The ending of the previous lecture should have you a little worried --- what is the best way to design a single-user reactive software system with "independent" subassemblies?
This question also worried the researchers at Xerox's Palo Alto Lab (PARC) in the 1970s when they wrote the first GUI-based systems in Smalltalk, a Simula67-like object language implemented on top of Lisp. (That last phrase has a lot of fate in it, as we will later learn....)
The Xerox researchers quickly learned that it was critical to isolate the assemblies so that there was independent development, containment of execution errors, smooth maintenance, and component reuse. The style of connectivity they used became known as the Model-View-Controller (MVC) software architecture. We will study it here.
Large software systems must minimize coupling so that compile errors and execution errors are limited in scope; components can be tested, plugged, unplugged, and replaced easily; and subassemblies can be saved and reused in subsequent systems.
Couplings are a key feature in modern software architectures. Here is an important case study:
Software systems like games, spreadsheets, and IDEs accept input from multiple sources and produce output to multiple windows.
A standard example is an IDE like Visual Studio: It consists of multiple windows (main window, edit window, toolbox window, solution window, and debug windows). Input is entered into all of these windows (text entry and mouse clicks), and input entered into one window can affect multiple other windows. (Example: you type the text for a label in the solution window, and the change shows in the solution window and also in the edit window. Or, you click "Start Debug" in the main window, and a breakpoint appears in the edit window and the call stack and local variables appear in the debug windows.)
It is a major problem coordinating input and output when there are multiple windows (Forms). We now study the architectures we might apply.
We consider the simplest version of this problem: A baby reactive toy uses a model, a controller, and two views (forms), one that accepts input and the other that displays output --- input entered into the input view causes computation on the model and generates changes to the output view, which displays information from the model.
This is bad. It is bad because the entire system lives in the Form that handles input events. How can one team (typically software engineers) develop the control and another team (typically graphical designers) develop the view when all of this is mixed into one file?!
How can the components be extracted for reuse in future systems? Why should a GUI with a button "own" the output form and the system's model (data base)? Will this architecture generalize to multiple forms where each form accepts input and shows output?
The above doesn't sound good, and the problem is that there is "too much"/"too strong" coupling (dependency). There is a simple way to measure "degree of coupling" of a class-diagram assembly, A, in terms of A's subassemblies:
(An edge in a subgraph is outgoing if it starts at a node in the subgraph and has an arrow to a node outside the subgraph.)

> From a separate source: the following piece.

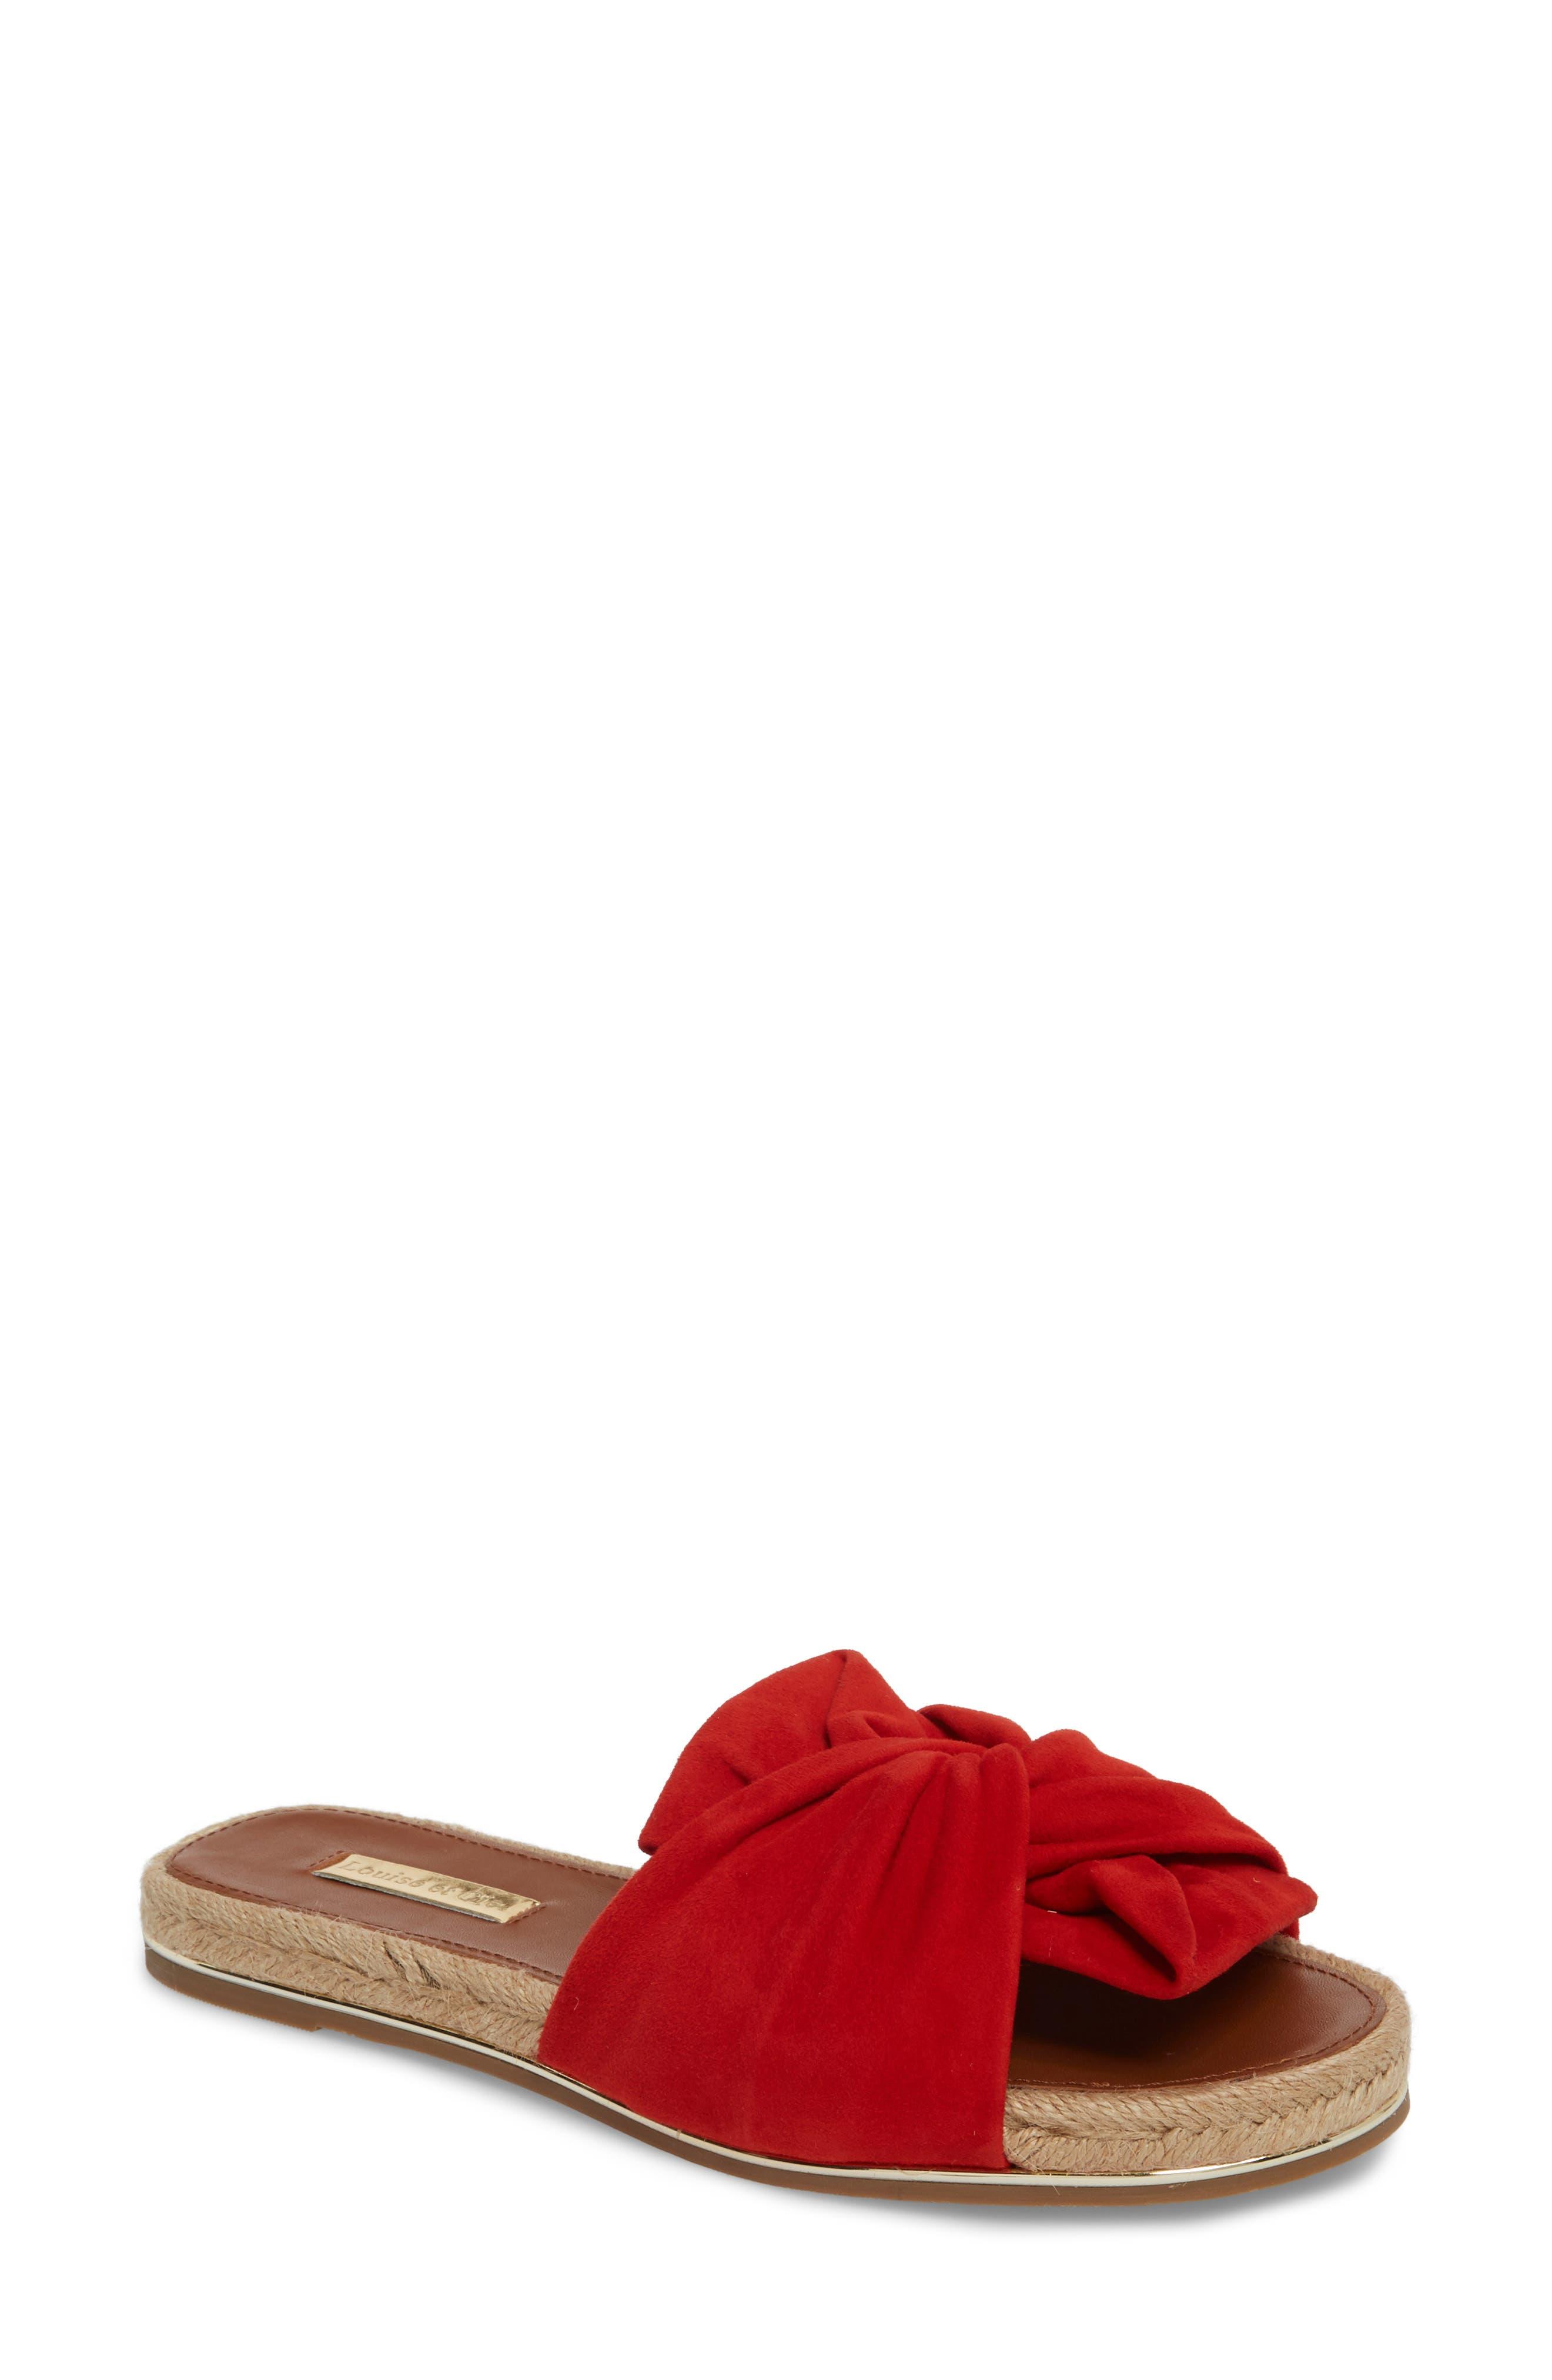 Louise Et Cie Camille Espadrille Slide Sandal- Red

For the above architecture, V1, we have S(V1) = 3 and C(V1) = 3/3 = 1. That is, there are only 3 subassemblies (including the entire system) that we can extract and reuse out of this 3-component system. We can do better.
This is much better.
When you implement this architecture
in Visual Studio, construct and connect the InputView, Controller,
and Model objects
in the Main method of Program.cs. (For the above, the OutputView is
still constructed within the InputView, which owns it.)
Here's how to do it:
public void Main() {
Model m = new Model();
Controller c = new Controller(m);
InputViewForm i = new InputViewForm(c, m); // the input-view form will
// construct and own new OutputViewForm(m)
. . .
Application.Run(i); // give control to the input view
}
This is better --- the controller can be developed
independently from the views (although the controller depends on the model
and will need a dummy, "stub" model
at its early development stages).
This architecture makes it
easier to extract subassemblies for coding, testing,
and future reuse.
For this system, V2, we have S(V2) = 5 and C(V2) = 5/4 = 1.25, better than before.
It is still a problem that the input view owns the output view. When one view owns another, it causes cause trouble when we encounter systems that allow inputs into multiple views/forms.
The novelty is the delegate declaration, which is a "method interface".
The output view's update method matches (implements)
the Observer delegate and it is registered with the controller, in its registry.
The Main method assembles the system and registers the Observer(s):
public void Main() {
Model m = new Model();
Controller c = new Controller(m);
InputViewForm i = new InputViewForm(c);
OutputViewForm f = new OutputViewForm(m);
c.register(f.update); // note that f.update has type Observer
...
Application.Run(i); // give control to the input view --- it's now a reactive system
}
When the controller does a model update, all methods saved in
registry are called. So, the controller is not coupled to any view.
This makes it
easy to extend the system to have multiple forms (views) for inputs and outputs,
like a spreadsheet or IDE does. It is a standard technique in
systems building, maybe the most important one you will learn in this course.
For this system, call it, V3, we have S(V3) = 6, and C(V3) = 6/4 = 1.5, which shows improvement.
A variation on the above is to save the registry in the Model:
This arrangement is a bit less attractive because Model components ("data structures") are rarely written with registries embedded in them. (This flaw is repaired in Version 4, below.) But you might use the above in a special case, when you know that the Model assembly is finished and will not be embedded in a larger Model assembly.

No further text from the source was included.